Available data:
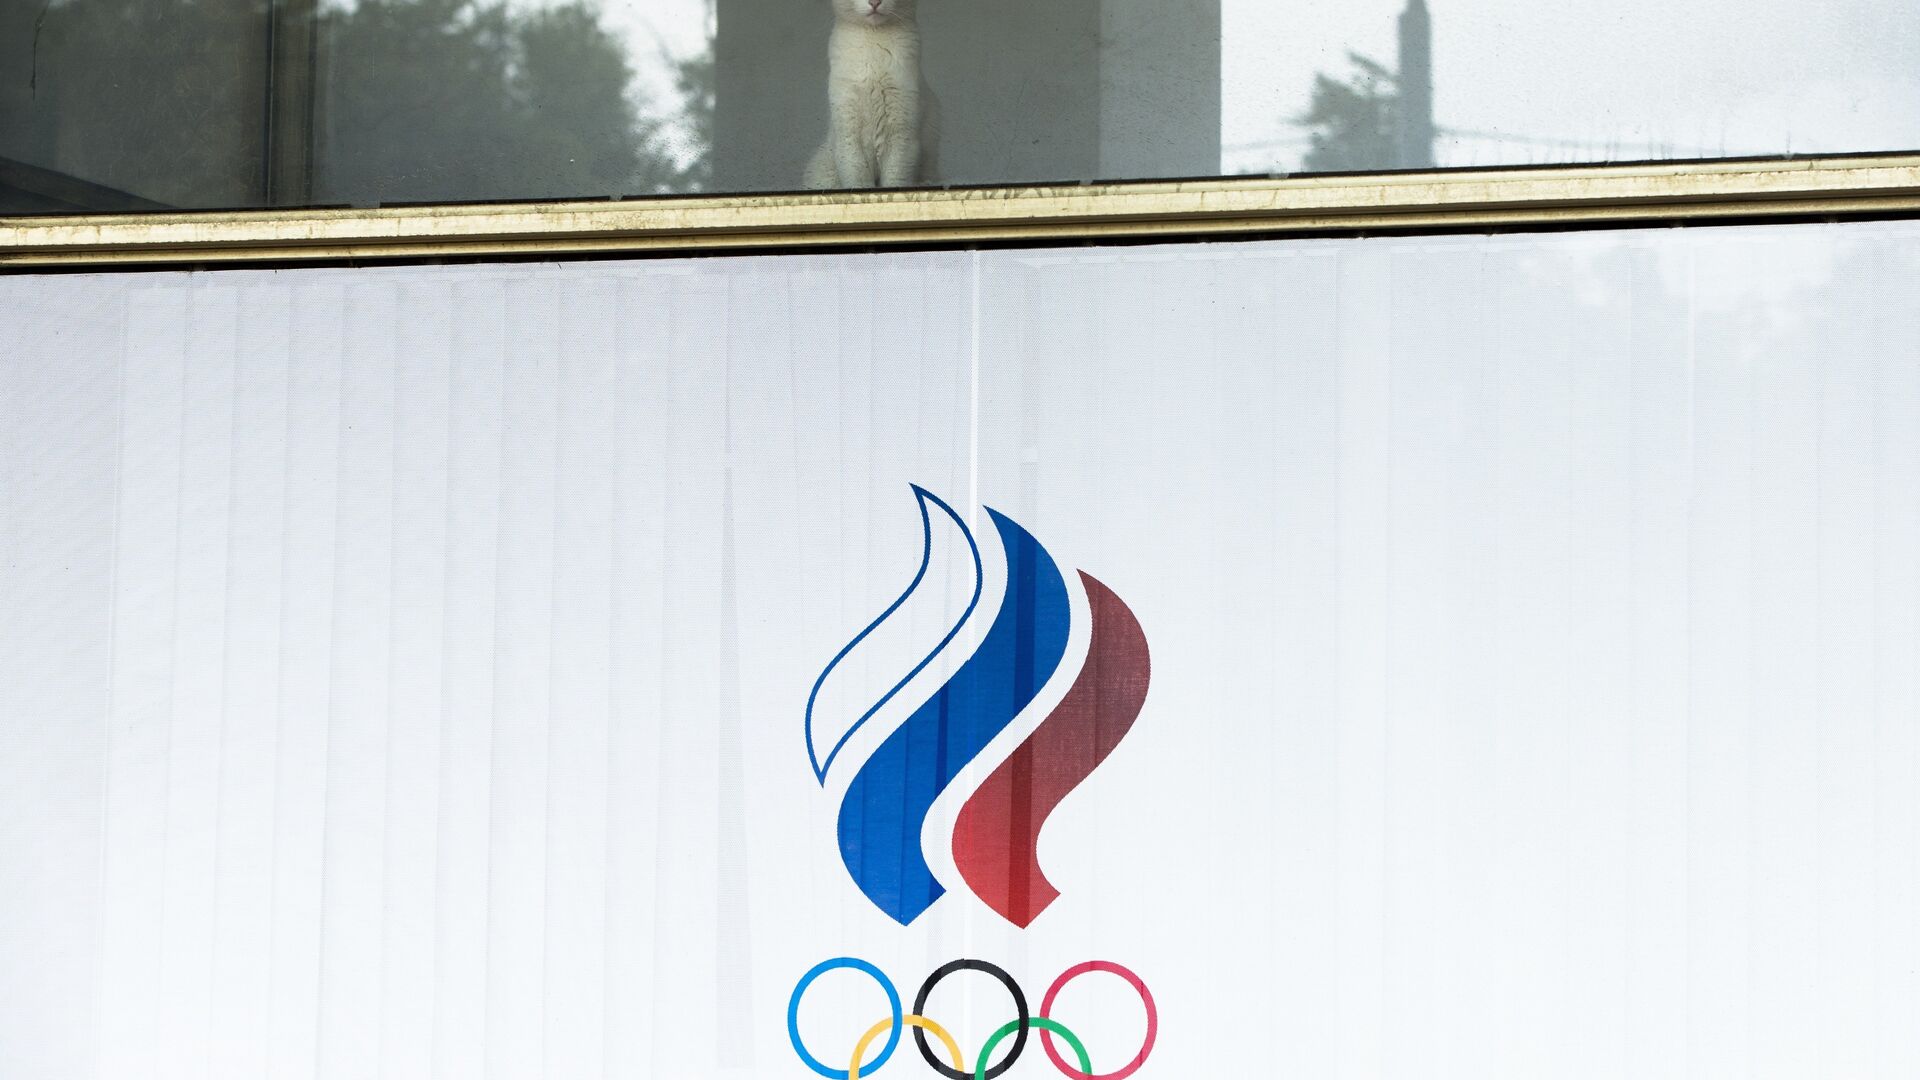 Мачка гледа кроз прозор зграде Руског олимпијског комитета. - Sputnik Србија, 1920, 17.07.2021
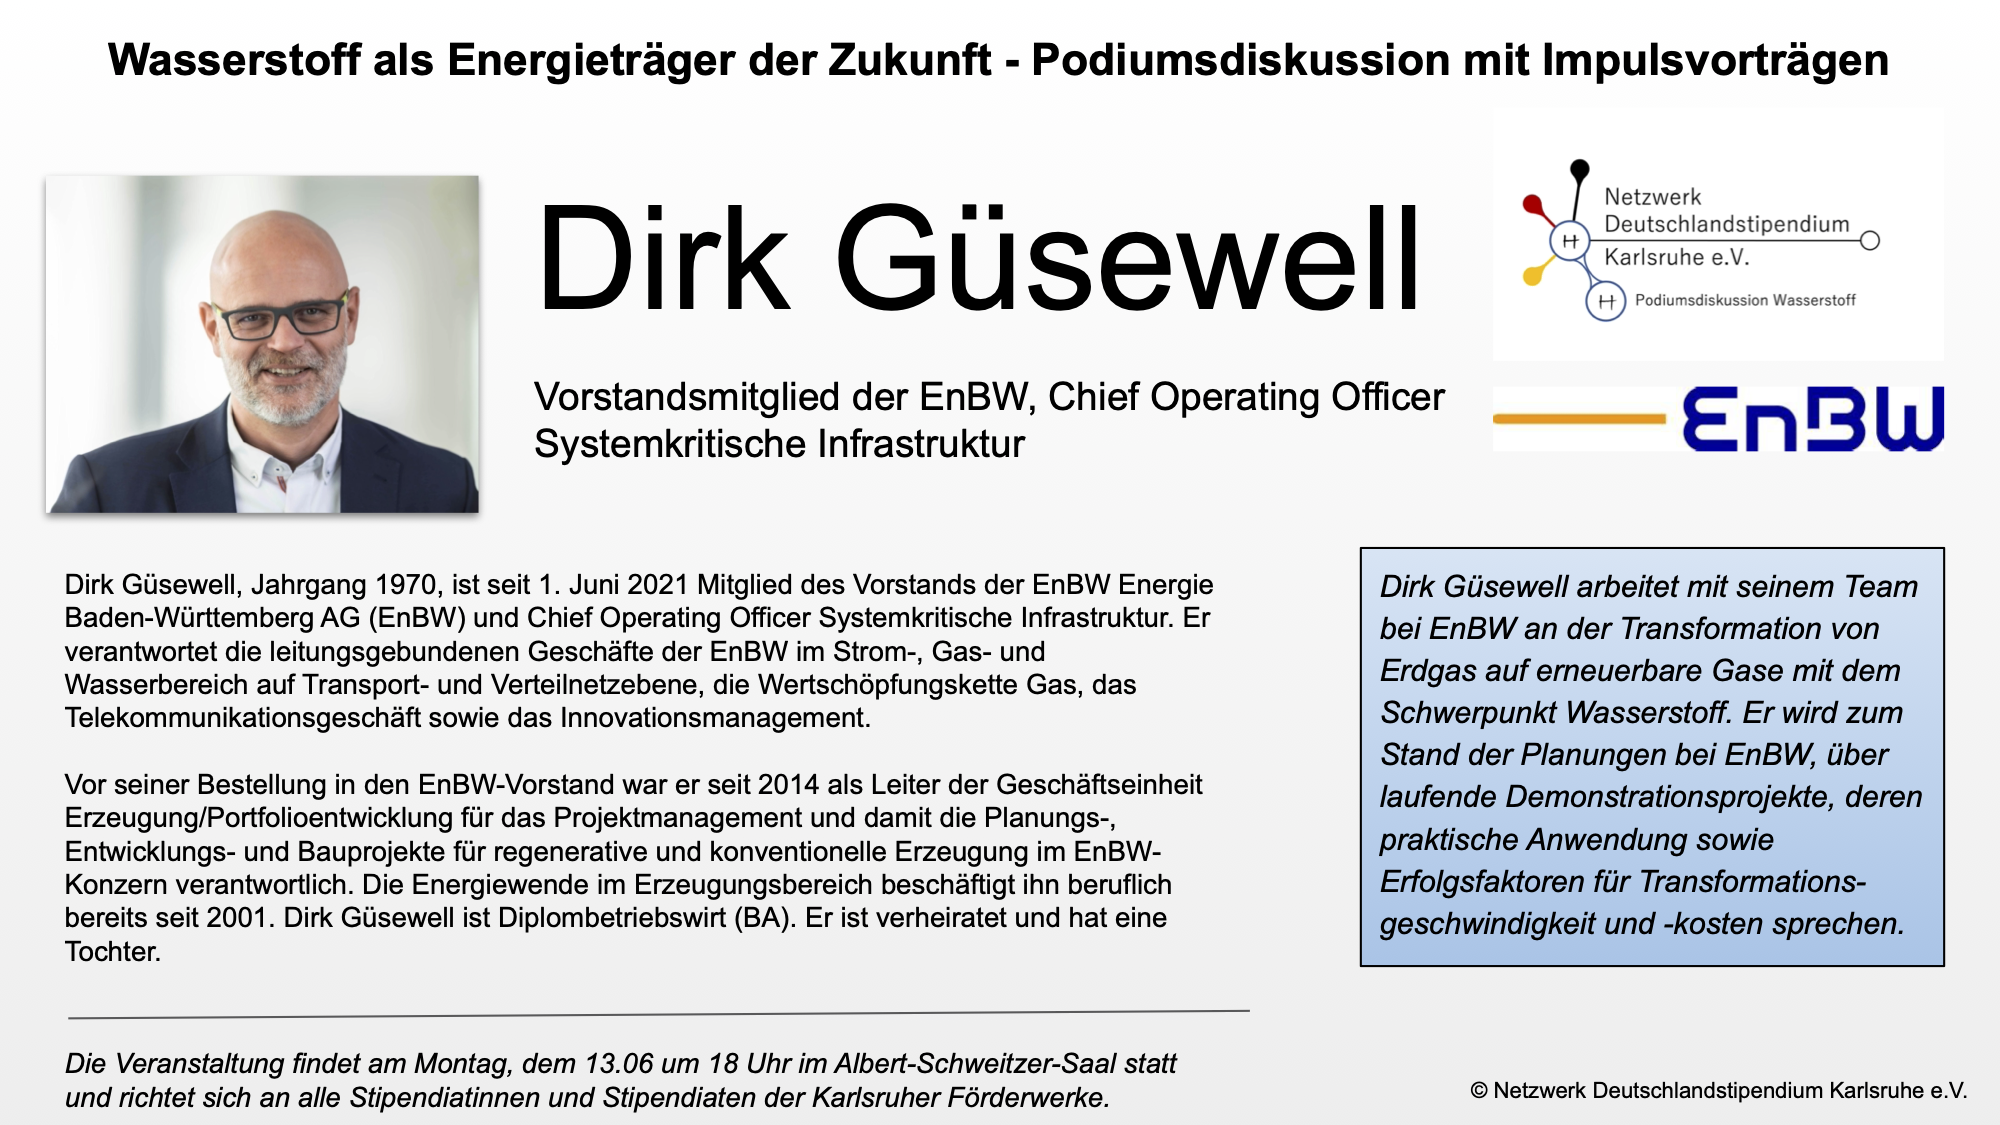 Podiumsdiskussion Wasserstoff - mit Herrn Güsewell (EnBW) ist der erste Referent bekannt
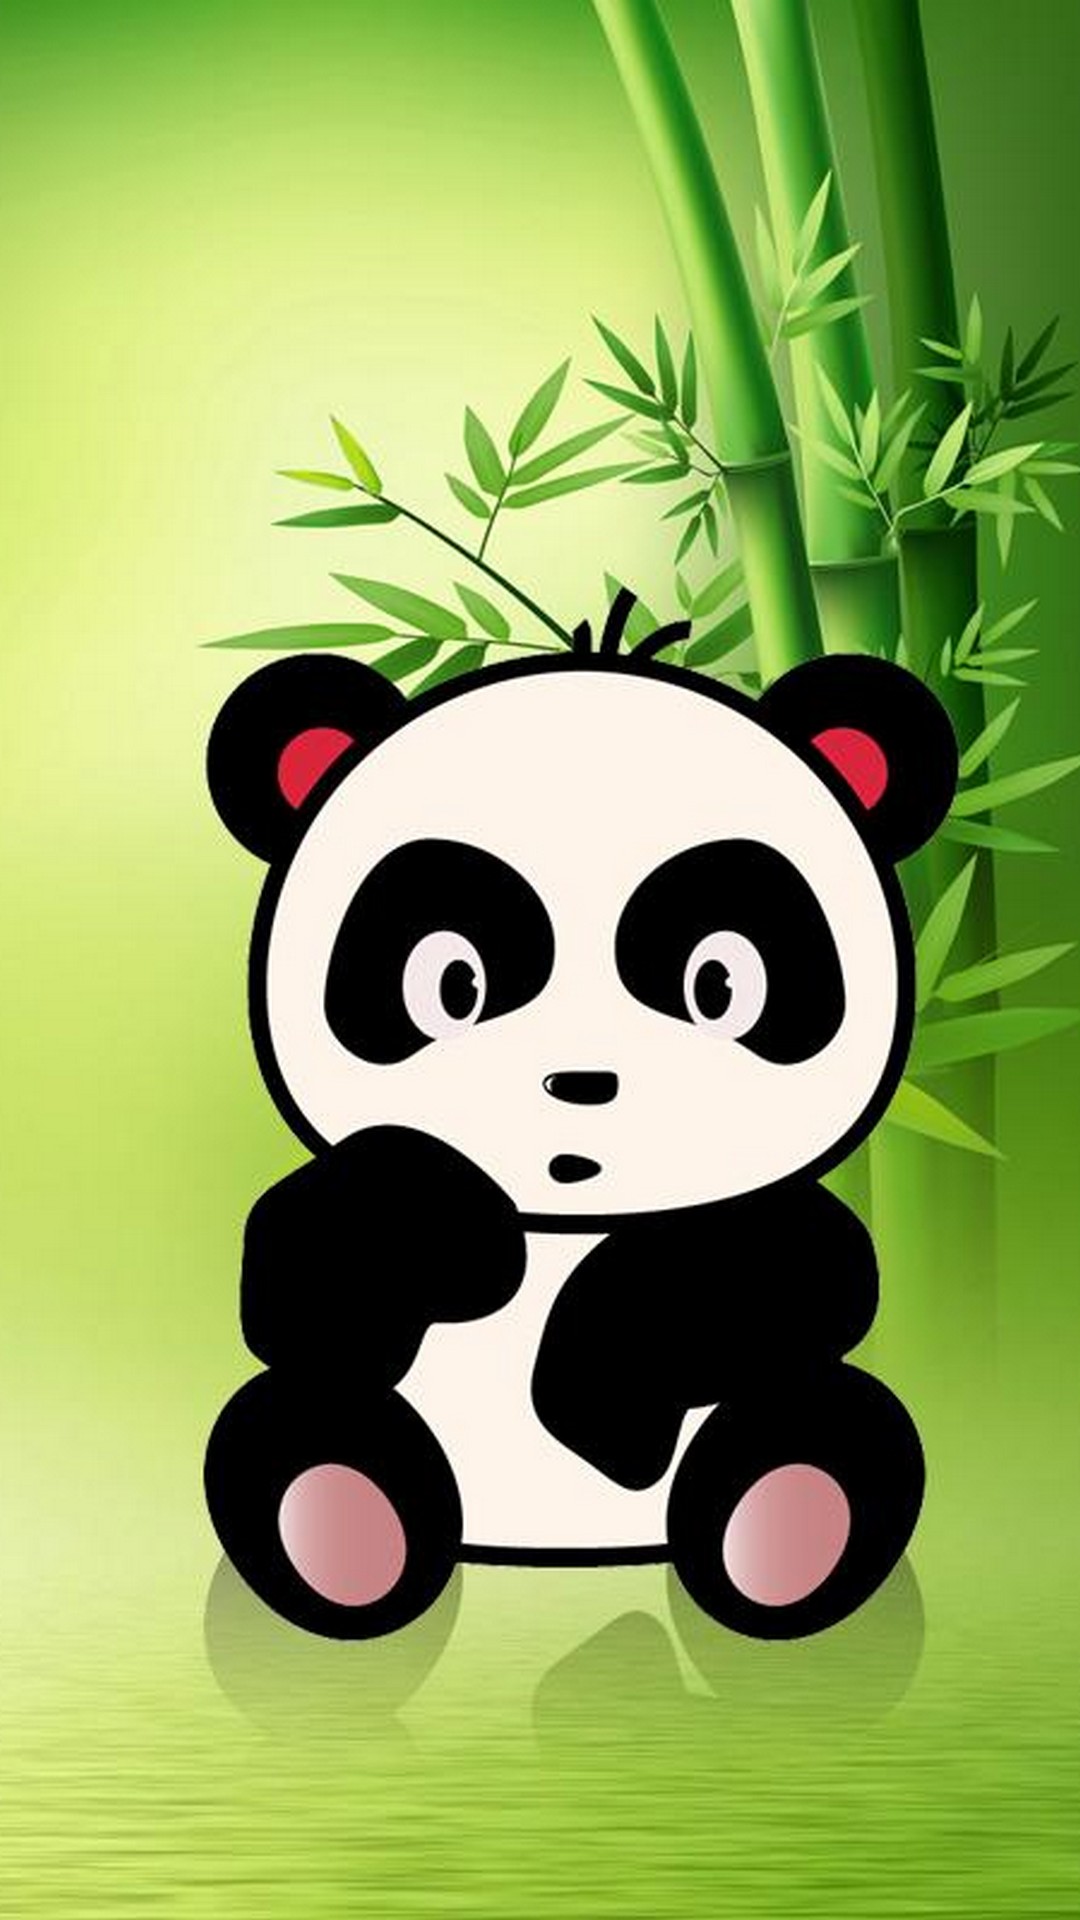 Cute Panda Cartoon Wallpaper Wallpapers

Task brief: Word for word, copy every line of the data, excluding any pictures.

Your response:
 Мачка гледа кроз прозор зграде Руског олимпијског комитета. - Sputnik Србија, 1920, 17.07.2021
 Podiumsdiskussion Wasserstoff - mit Herrn Güsewell (EnBW) ist der erste Referent bekannt
 Cute Panda Cartoon Wallpaper Wallpapers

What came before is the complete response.